Anisotropic etching of single crystalline SiC using molten KOH for SiC bulk micromachining

Abstract

Microelectromechanical systems (MEMS) devices made of single crystalline silicon carbide (SiC) are attractive for applications in harsh environment, because SiC is chemically inert and semiconductor devices made of SiC can be operated at very high temperature. On the other hand, due to its chemical inertness, controllable etching of SiC has been difficult. Molten KOH etching has been widely used to detect crystalline defects in SiC as etch pit in crystal growth researchers. Some etch pits have hexagonal shape, indicating anisotropic etching nature. Therefore, molten KOH etching may have potential as a SiC MEMS fabrication process.
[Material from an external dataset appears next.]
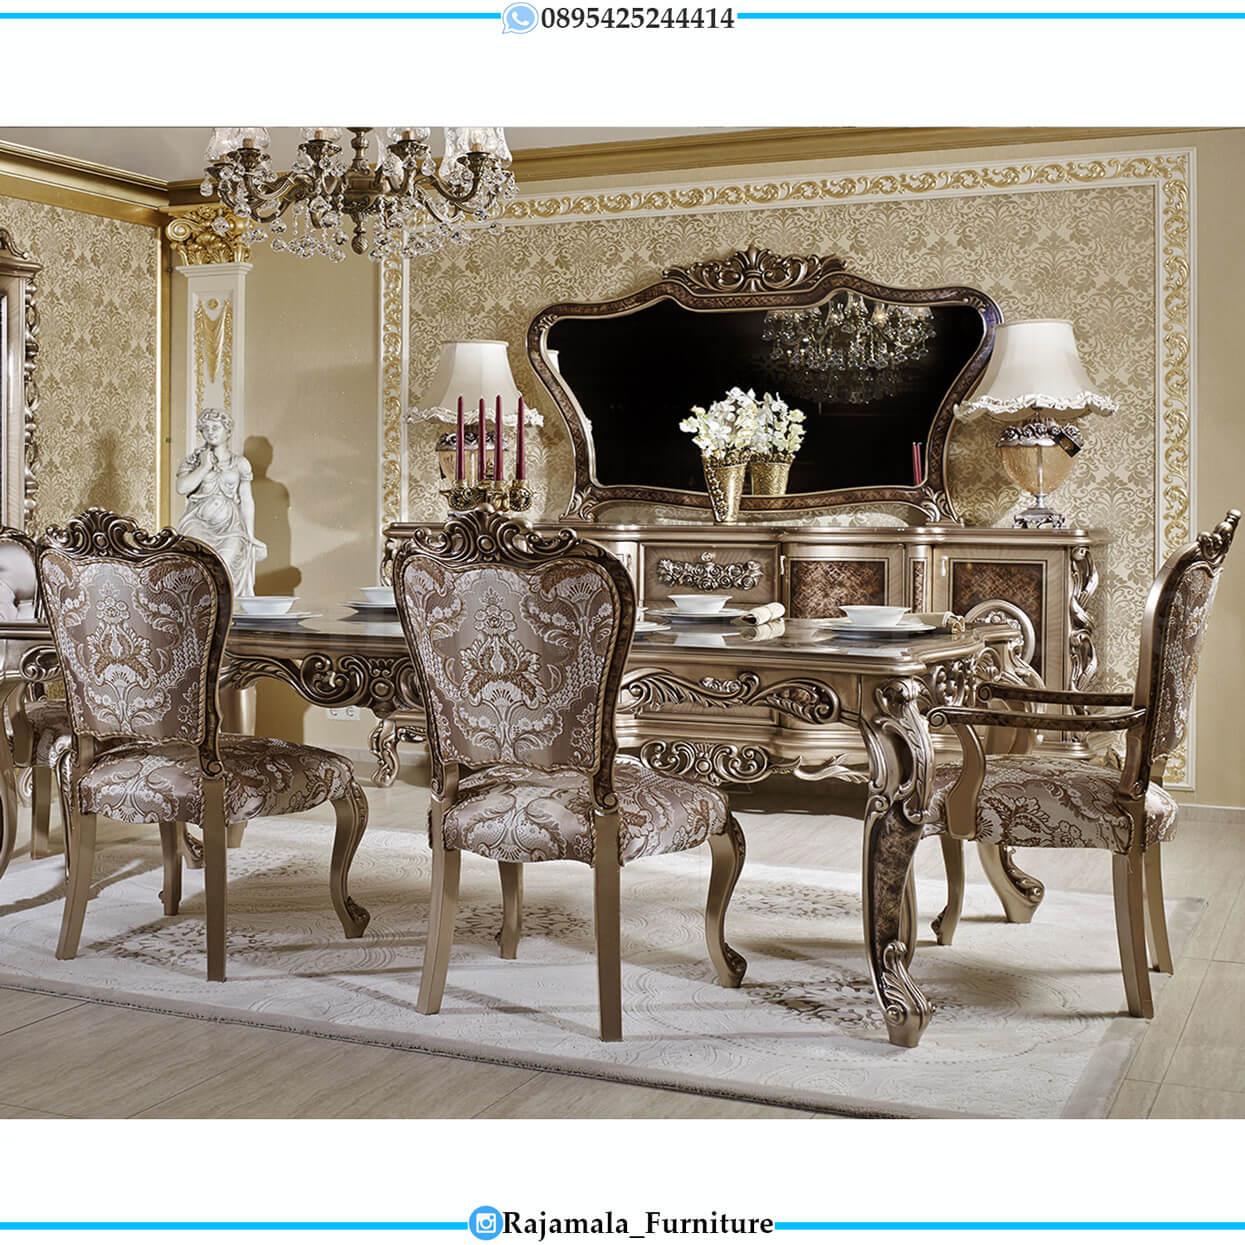 Meja Makan Mewah Kursi 6 Luxury Carving Classic Silver Shadow Color RM-0461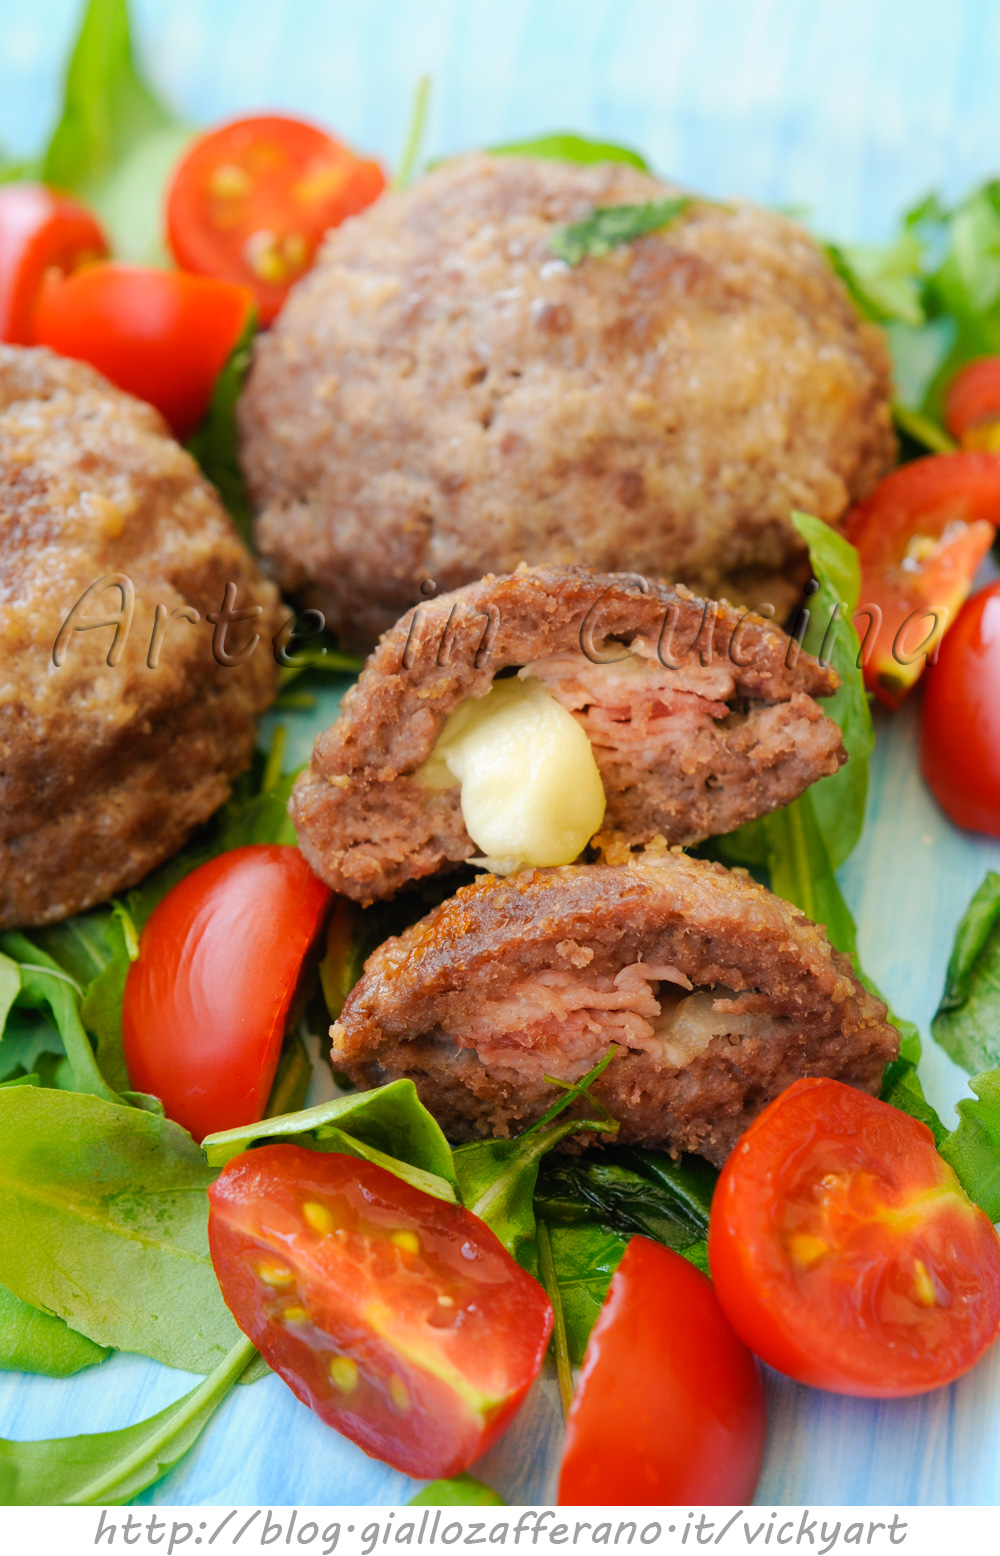 Bombe di carne ripiene ricetta sfiziosa veloce vickyart arte in cucina

In this study we have developed the anisotropic wet chemical etching of single crystalline hexagonal SiC using molten KOH for SiC bulk micromachining. 6H-SiC (0001)Si face and (000-1)C face substrates are used. Etching rates of (0001)Si and (000-1)C faces at 490 °C are evaluated to be 37 nm/min and 3.1 &#956;m/min, respectively, indicating that the (0001)Si face is etched almost 100 times slower than the (000-1)C face is. Cross sectional analysis of etched structure of (000-1)C face revealed that inclined crystal plane was formed as a sidewall with some undercut. To assess in-plane etching anisotropy, ring shape mesa structures are formed on SiC (0001)Si face by RIE and then etched by molten KOH. Ring shape changed into hexagonal shape, clearly indicating etching rate along <11-20> direction is larger than <1-100> direction in (0001)Si face.